As a result of its relative high accuracy, this shallow neural network model should be able to recommend doses better than the heparin dosage guidelines which only take patient weight into account.
In clinical practice, intravenous push and intravenous drip are both common delivery routes for heparin. Intravenous push heparin is always used to rescue critical patients who require timely intervention to decrease coagulation, while intravenous drip heparin is used a long-term medication to prevent thrombosis or embolic disease. These 2 administration routes have different clinical significance; therefore, we separated the patient groups from the 2 databases into 3 data sets to verify whether they would have different model predictions. The results suggested that model prediction performance was comparable among the 3 data sets, which gave us insight into the stability and suggests the model is stable regardless of administration routes or data source.
Strengths
Since the range of normal therapeutic activated partial thromboplastin time varies in different institutions, our shallow neural network model can be adapted to different heparin administration guidelines by adjusting the parameters. Furthermore, the model can also be applied to other drug dosage optimization problems after retraining. When treating a patient, a dose of heparin can be recommended that maximizes the normal therapeutic probability. The future application of the model prediction has the potential to enhance patient safety, minimize the risk of bleeding or a thromboembolic event, reduce medical costs, and improve the efficiency of clinicians.
Limitations
One challenge of our study was to identify the features that affect heparin doses. First, balancing both discrete features and continuous features and their relative importance would have enhanced model training performance and feature utilization but was not performed in this study. Second, different features may have been correlated, since they all contribute to the comprehensive conditions of patients; therefore, determining the intrinsic relationships would have further improved model performance. Model optimization and verification using different intensive care unit databases will be performed in future research. Drug interactions with heparin and the accumulated effects are usually not taken into account since the half-time of heparin is too short to affect the 4 to 6–hour interval that was monitored. A more precise neural network structure was not used; the next step would be to explore the intrinsic relationships between features and further validate the model results using additional clinical data sets. Since this study was conducted in a nonclinical setting, it will be further refined as it is used in practice.

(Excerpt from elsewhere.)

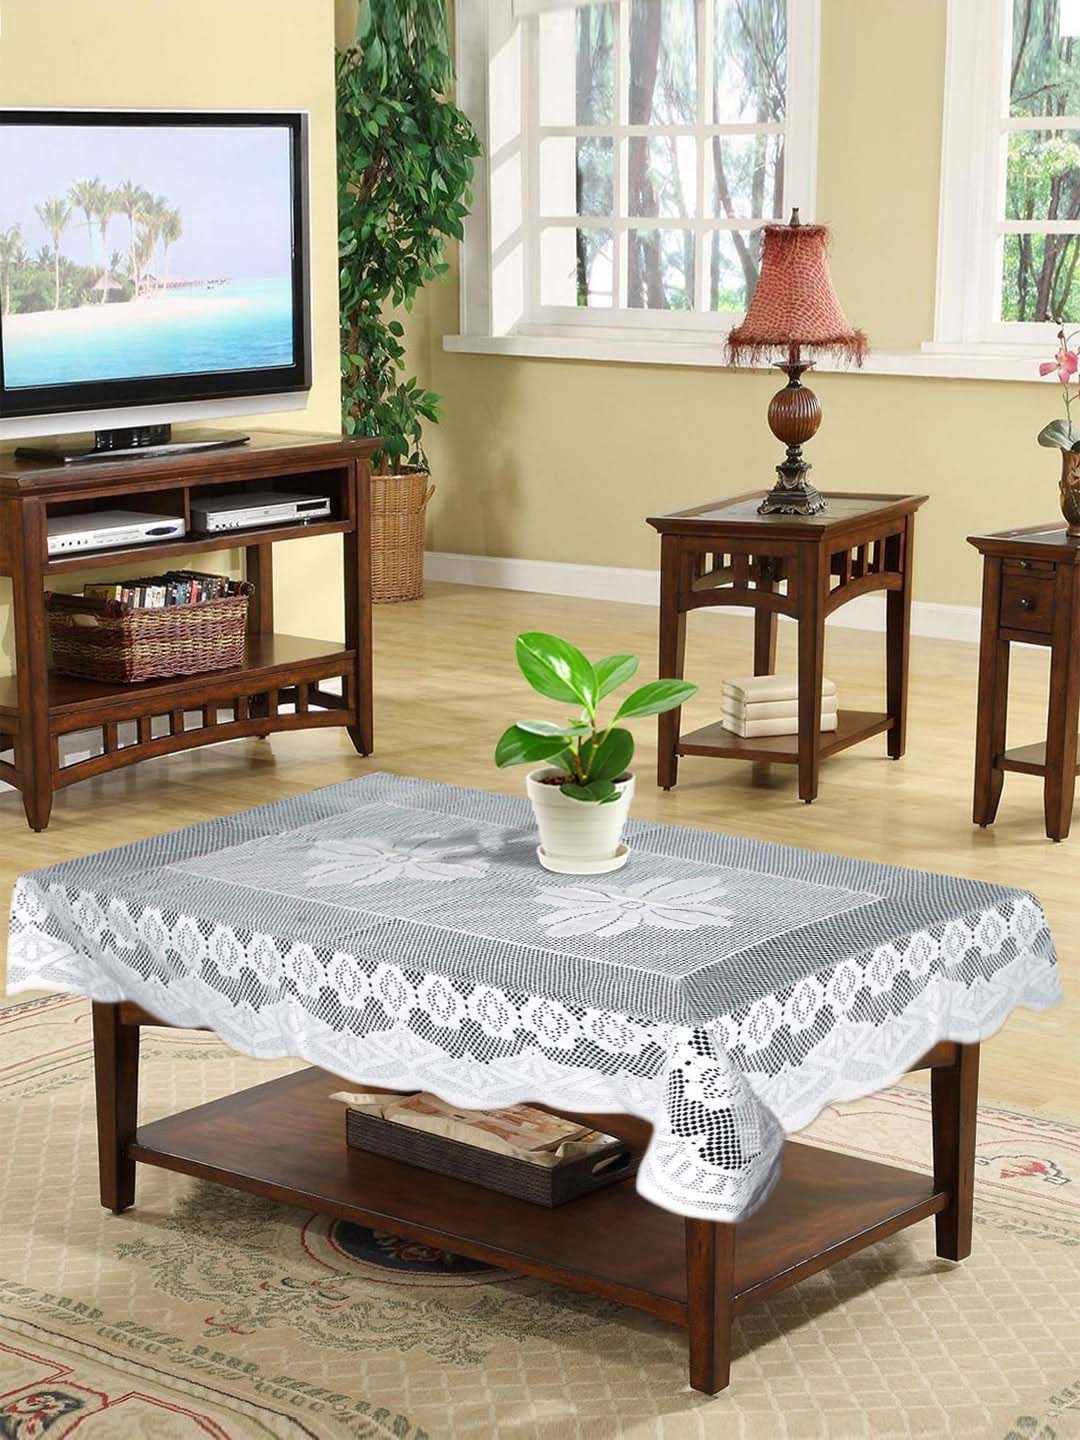 Kuber Industries White   Grey Printed 4 Seater Cotton Table Cover

Comparison With Prior Work
It is difficult to obtain personalized rather than broad normative data to determine drug dosage in intensive care units. Heparin dose is commonly determined based solely upon body weight, which is measured or estimated when patients arrive at the intensive care unit. Here, we distinguished 2 drug delivery routes to provide more detailed advice and choices for clinicians. The overall prediction accuracies for the 3 data sets were 88.00%, 86.00%, and 87.50%. Both delivery routes in the MIMIC-III retrospective data showed proportions of patients with activated partial thromboplastin times that were 3-fold higher than those with normal therapeutic activated partial thromboplastin times (25.3% for intravenous push patients and 27.0% for intravenous drip patients), and higher than those reported in previous studies [11,12] for the multivariate logistic regression (volume under the surface=0.48) and multinomial logistic regression (accuracy=60%). Statistical results were consistent with those from previous reports. Advanced age and gender (female) were reported to be associated with supratherapeutic activated partial thromboplastin time [9,10], as well as a high initial heparin dose, a high AST/ALT ratio, and emergency admission-type.
Conclusions
The study aimed to provide support to predict heparin treatment outcomes and recommend optimal heparin dosing to clinicians. Data-driven machine learning methods were used to predict the probabilities of subtherapeutic, normal therapeutic, and supratherapeutic activated partial thromboplastin time. After comparing different models, we recommend the adoption of a support system comprising a shallow neural network with parameter adjustability. The results of this study provide new insights into personalized medication optimization and demonstrate the feasibility of applying the model in different medical institutions.
Acknowledgments
This study was supported by the National Key Research & Development Program of China (project 2018YFC0116905).
Abbreviations
- ALT
alanine aminotransferase
- AST
aspartate aminotransferase
- eICU
e–Intensive Care Unit
- MIMIC-III
Multiparameter Intelligent Monitoring in Intensive Care III (or Medical Information Mart for Intensive Care III)
Appendix
Outliers preprocessing.
Missing data imputation.
Macroaveraged scores of different algorithms on 3 different datasets.
Confusion matrix.
Footnotes
Authors' Contributions: YL, WZ, and NH are corresponding authors and take responsibility for the integrity of the work as a whole. LS, CL, DL, and JH contributed equally as co–first authors and were responsible for study conception and design. JH, FZ, and HJ were responsible for data cleaning and algorithm implementation. DL, MG, and HW were responsible for data analysis and explanation of results. LS, CL, NH, and JH drafted the manuscript. All authors revised the manuscript for important intellectual content.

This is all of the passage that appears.